What optimism and its counter-reaction (much less publicised and Kristian Johns can be praised for voicing his concerns, as should GMFA for printing them) indicate, is that facts and all the facts need and must be explained because gay men can decide, based on an informed choice (which is something I believe FS stands for) to ditch or not condoms or to no longer feel guilty for not using condoms with some of their partners (and why not start to enjoy sex again).
The reality is that, as individuals, with a minimum of educational intent and effort, we can take control of our sexual life, and relax those clenched cheeks that make us look like an uptight condom brigade Janissary.

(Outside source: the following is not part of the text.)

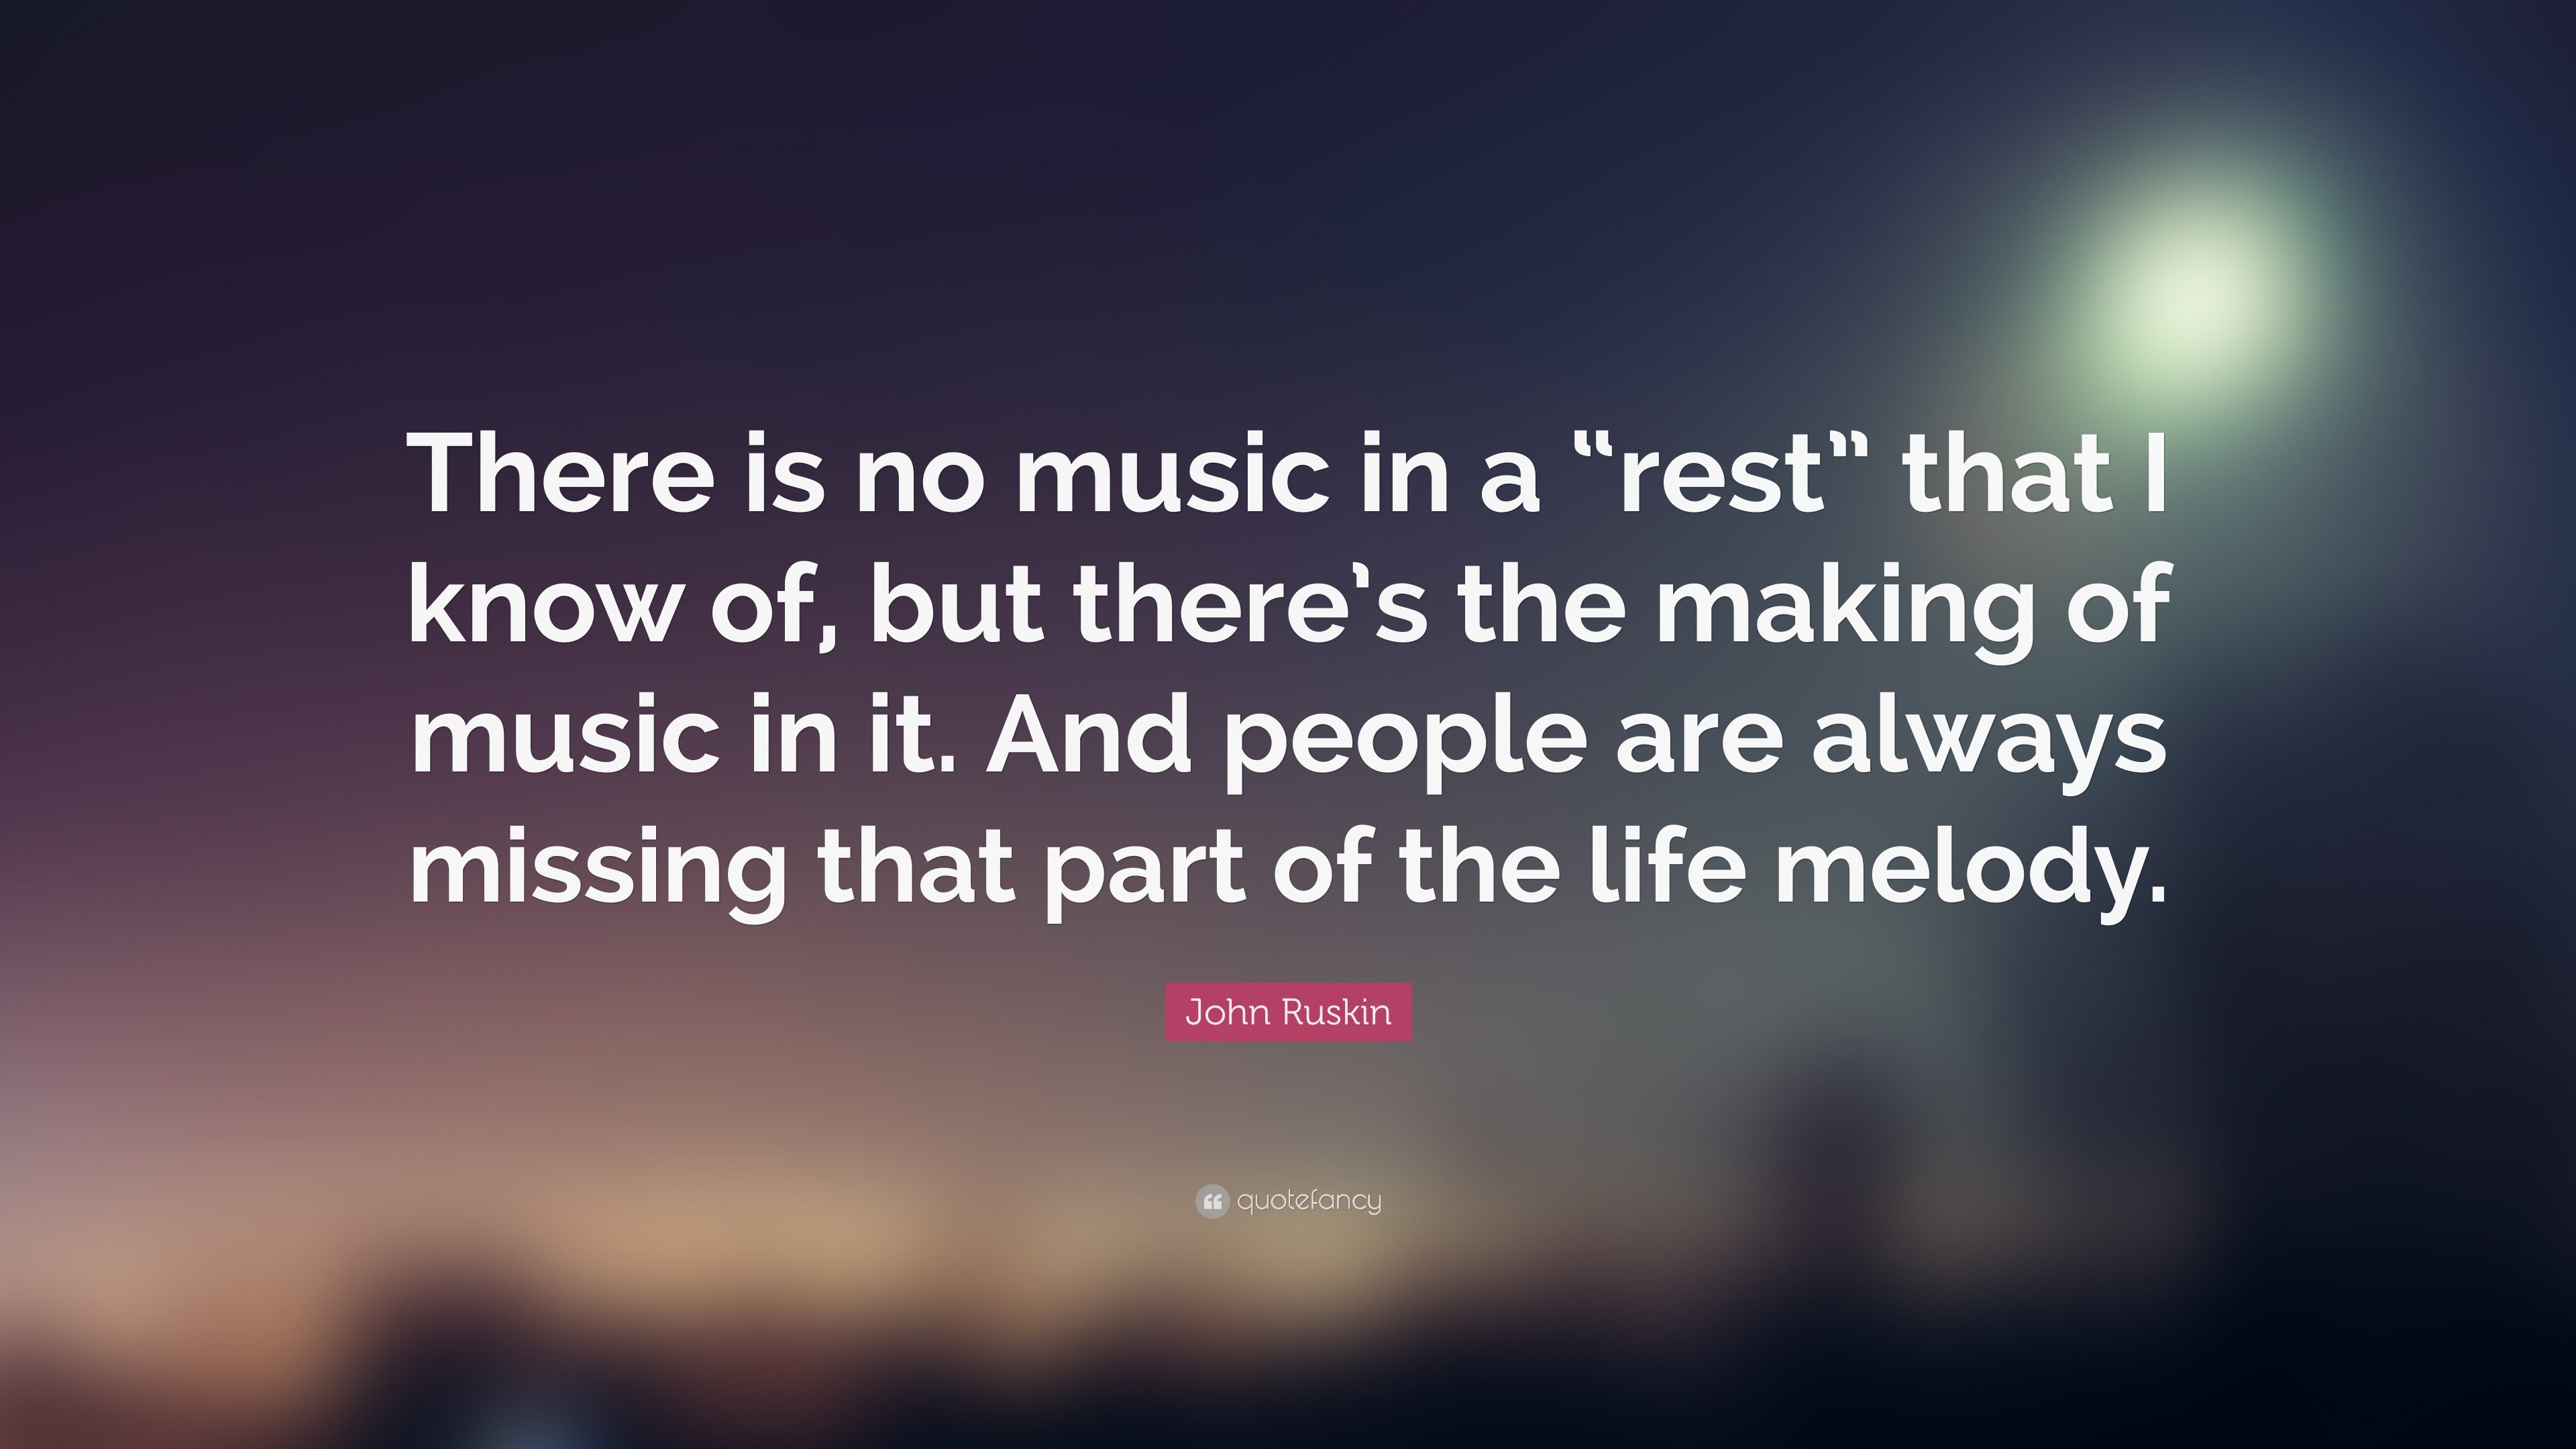 John Ruskin Quote: “There is no music in a “rest” that I know of, but ...

If condoms work for you then carry on with using them, but as fellow writer Gus Cairns wrote “[the PARTNER study] confirms that we gay men have to change our ideas about infectiousness and HIV radically if we are to stand a chance of reducing HIV infection in our community.”
The message of the PARTNER study is not to ditch condoms but to change our understanding and beliefs about our risk of getting infected by HIV. Whilst serosorting, seropositioning and negotiated safety have failed to show real effectiveness, whilst PrEP is not available in the UK, whilst PEP is underused, whilst condom use is on the decline, treatment as/for prevention has shown a string of successes in reducing HIV transmission.
What the PARTNER study should forces us to do is to rethink our relationship with HIV status; it should forces us to question our preferences for sexual partners with an alleged or declared HIV negative status and our discriminatory attitude toward those HIV positive (until we become one of them).
What PARTNER, HPTN 052 and other treatment as/for prevention studies should do is not to lead us to react against the possibility of an HIV-free generation but to revisit our HIV prevention messages and beyond our HIV prevention strategies.
What the PARTNER study should not do is to throw us back into dualist and outdated debates about HIV prevention.
Institutionalised HIV prevention tends to be monolithic, and why bother with it if “Bareback feels good and there’s no amount of health promotion that’s going to convince penis-owners of anything else”, as wrote Kristian. That statement is in need of qualification. True, most people, whether they are gay or not, whether it is about HIV or not, will remain impervious to prevention messages of all sorts as long as they do not feel they are at risk. Look at 48-year-old Rachel Dilley, who recalls finding out she was HIV positive and never thought she could be at risk because she believed HIV only affected Black people in Africa.
For organisations involved in messaging prevention it is also a strong signal that they should get up to date with the science, that they should be wary of engaging in partisan debate, that they should build on evidence, engage with the research at much earlier stages of development and work hard(er) to make complex information intelligible facts.
There is no doubt that HIV transmission could occur from those on treatment with a perfect, undetectable viral load, even if we have not seen it yet. But an upfront dismissal of is neither justified nor justifiable. It only shows an inability to move along with clinical developments. It deprives men, particularly those who do not use condoms, of a prevention choice that could protect them from becoming infected, as long as they understand the limitations of treatment as/for prevention. It stigmatises HIV positive gay men who do not need to be reminded that they still have HIV as the pill(s) they take everyday does that for them.
Treatment for prevention is not a magic bullet. Until there is a HIV vaccine, there is no magic bullet, not even in that gun that some use to play “Russian Roulette” with; but there are guns that jam and TasP is the first prevention intervention to actually jam that gun.